Bootstrap, driven by the Makefile:

  1. stage0 — the Python interpreter compiles every stdlib module under stdlib/ to assembly, then assembles them. Slow but only happens once per source change.
  2. stage1 — for each of lexing, parsing, codegen, kodc, the Python interpreter drives kodc.kod to emit .s, which as assembles. _emit-runtime-main writes the _main shim. ld links it all into build/stage1/sh_kodc.
  3. After bootstrap, kod build foo.kod uses sh_kodc to compile each module; the Python interpreter is only used as a fallback if sh_kodc is missing or stale.

What's still Python

  • The build orchestrator (kod/builder.py) drives as / ld / clang and walks the module graph.

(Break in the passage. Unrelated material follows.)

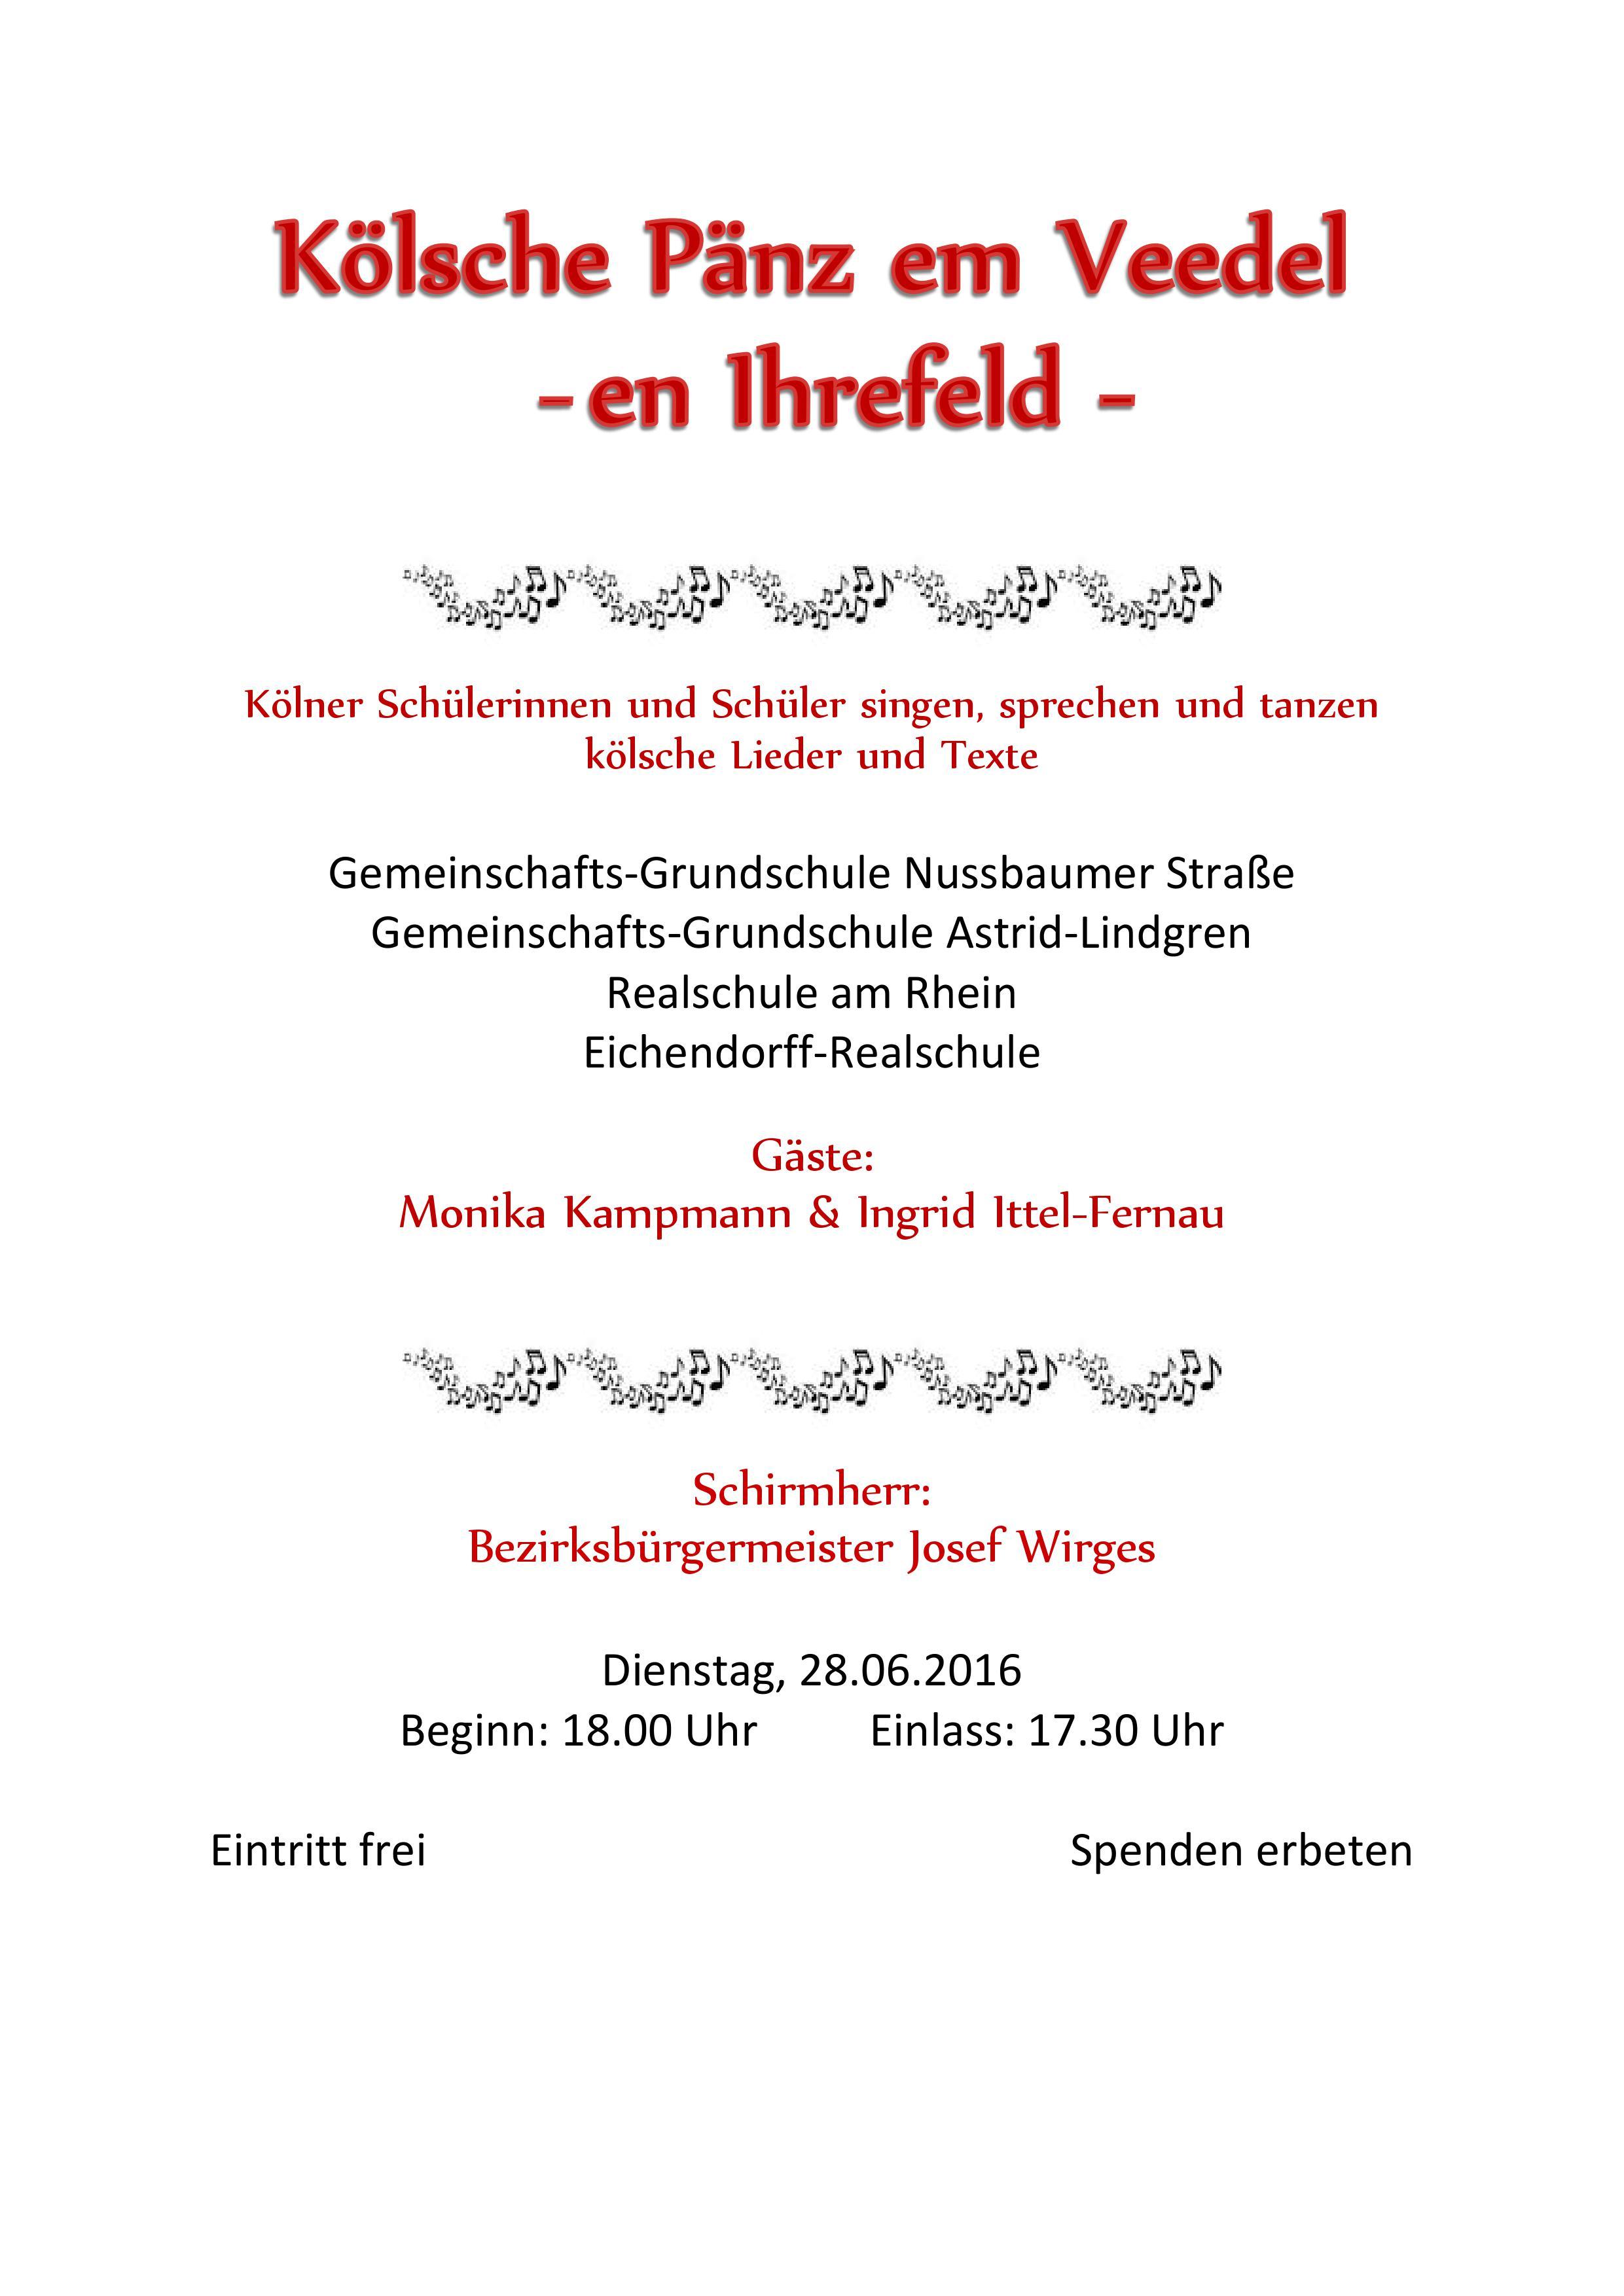 Kölsche Pänz em Veedel – 28.06.2016 18 Uhr
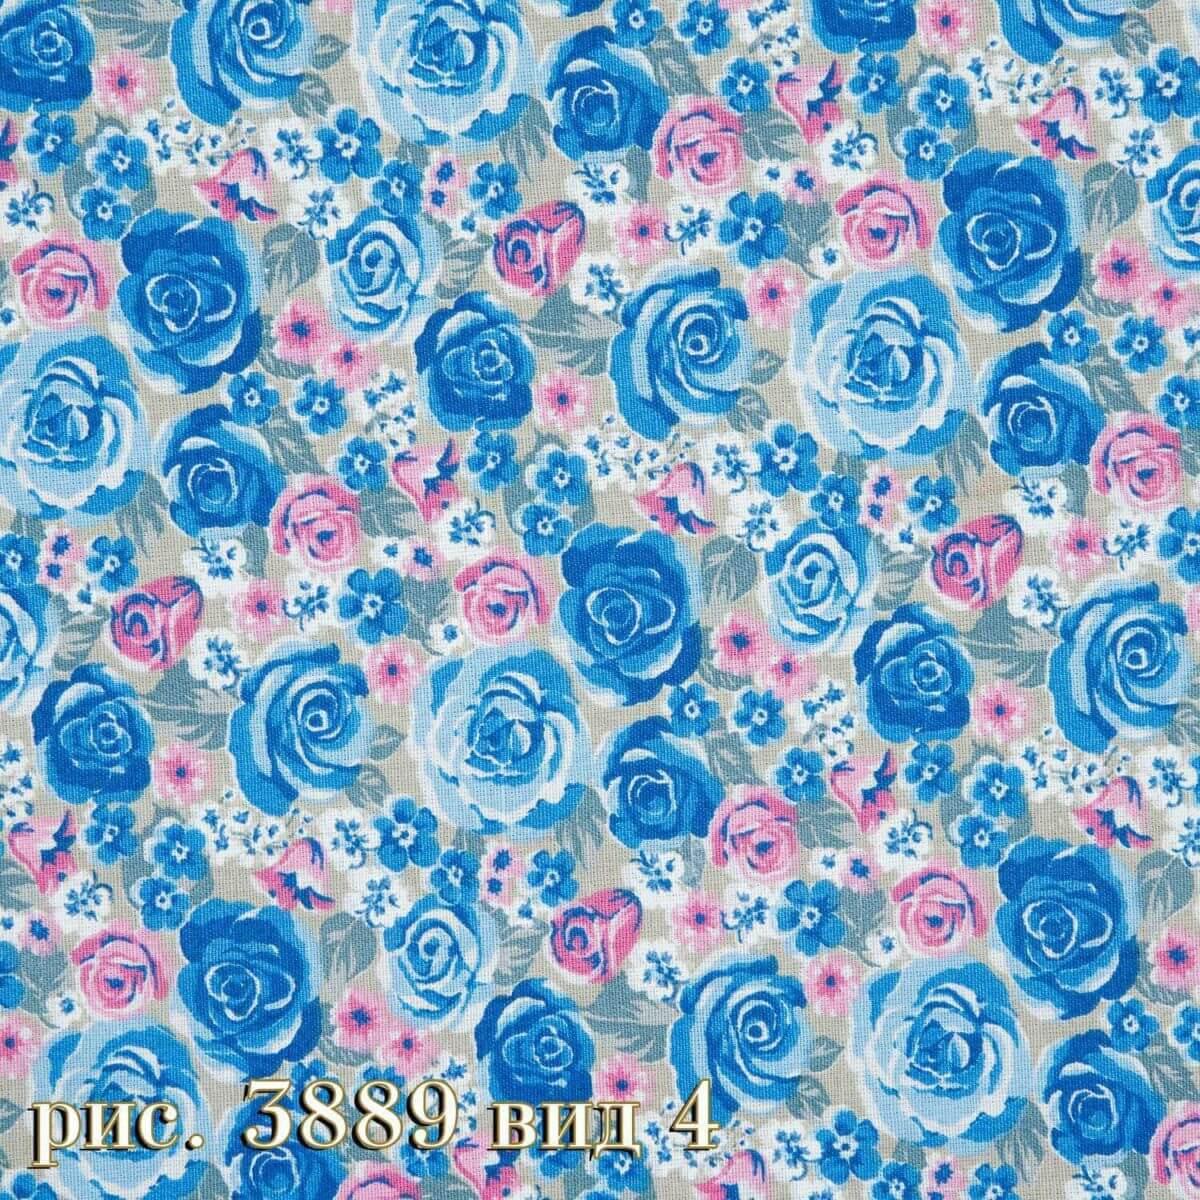 Фото 18 - Плательная ткань бязь 150 см (3889/7) Под заказ.

Subprocess support in Kod (process.run in stdlib/process.kod) is the foundation for moving this in; the first step landed (_emit-runtime-main is Kod-native).
  • The Python lexer/parser still exists, used by kod _interpret and as the entry point that walks imports. kod build parses with Python then hands each module to sh_kodc; the parse happens twice in practice.

See TODO.md for the running list of Python-deletion work.

Codegen design

codegen.kod is a single-pass emitter built around a few key data structures:

  • Expression / statement / type-expr pools on the parser: AST nodes are stored in flat arrays and referenced by int64 ids.
  • Struct / enum / interface tables on the codegen: registration happens before compilation; field/method lookups index these tables.
  • Register pool: x8x15 used as expression temporaries; saved/restored across calls via stack spills as needed.
  • Generic monomorphisation: each unique Map[str, int64] instantiation gets its own struct entry; methods compile once per instantiation.
  • Interface dispatch: {data_ptr, vtable_ptr} cells in the arena, one vtable per (struct, interface) pair; primitives box implicitly.

Verifying self-hosting

$ make bootstrap
$ build/stage1/sh_kodc tests/map.kod > /tmp/sh.s
$ uv run kod _interpret kodc.kod tests/map.kod > /tmp/py.s
$ diff /tmp/sh.s /tmp/py.s

sh_kodc and the interpreter-driven kodc.kod produce identical assembly. tests/examples_test.py::test_selfhost_matches_interpreter runs this check in CI.